Start by measuring your Marbella marinade ingredients and putting them in a food storage bag. It is best to slice the green olive and press or mince the garlic.
Then, use a paper towel to pat the chicken thighs dry. Cut off any extra skin that folds around the back of the chicken pieces and place the thighs into the marinade. Seal the bag and massage the marinade into the chicken pieces.
Let the meat sit in the marinade for at least 15 minutes. You can marinade up to overnight, however, if you plan to marinade for more than 30 minutes the chicken should be placed back in the refrigerator until you are ready to cook.

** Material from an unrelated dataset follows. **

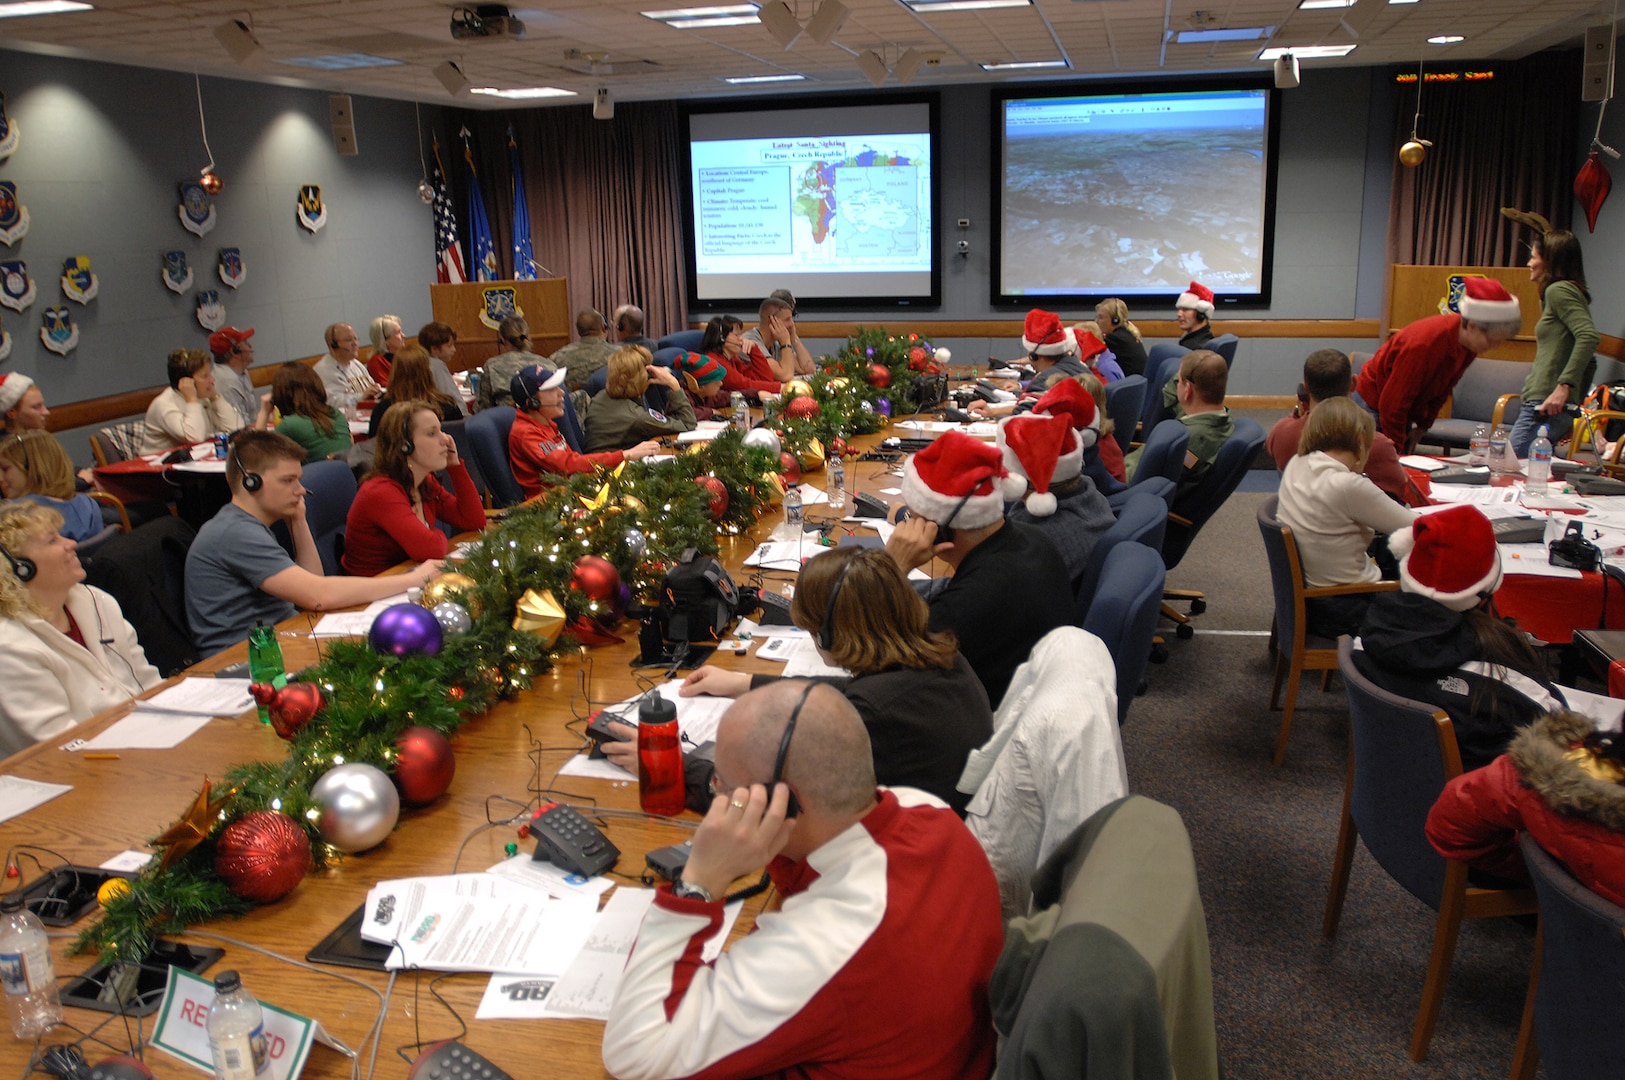 More than 1,000 military and civilian volunteers answered nearly 95,000 telephone calls and more than 10,000 e-mails at the NORAD Tracks Santa Operations Center on Christmas Eve at Peterson Air Force Base, Colo. Photo by Sgt. 1st Class Gail Braymen

Heat a large skillet on medium heat. Once the pan is hot, remove your chicken pieces from their marinade and let the excess liquid drip off. No need to pat dry! Reserve your Marbella Marinade to make the rice dish and finish the chicken.
Then, place the thighs in the skillet skin side down and let them brown for about seven minutes.
Next, turn the pieces over and brown the underside for about three minutes.
Remove the browned chicken from the skillet and place them on a plate. They will not be fully cooked at this point.
Pour all of the reserve marinade into the skillet. Use a wooden spoon to deglaze the pan and let it come to a simmer for 5 minutes. This will help bring the flavors together and kill any bacteria from the raw chicken.
Next, add one cup of water to the marinade and bring it to a low simmer.
Stir in one cup of long grain white rice.
Then, turn the heat down to low. Place the browned chicken thighs skin side up back into the cooking liquid and rice.
Simmer on very low heat with a lid on for 30 minutes.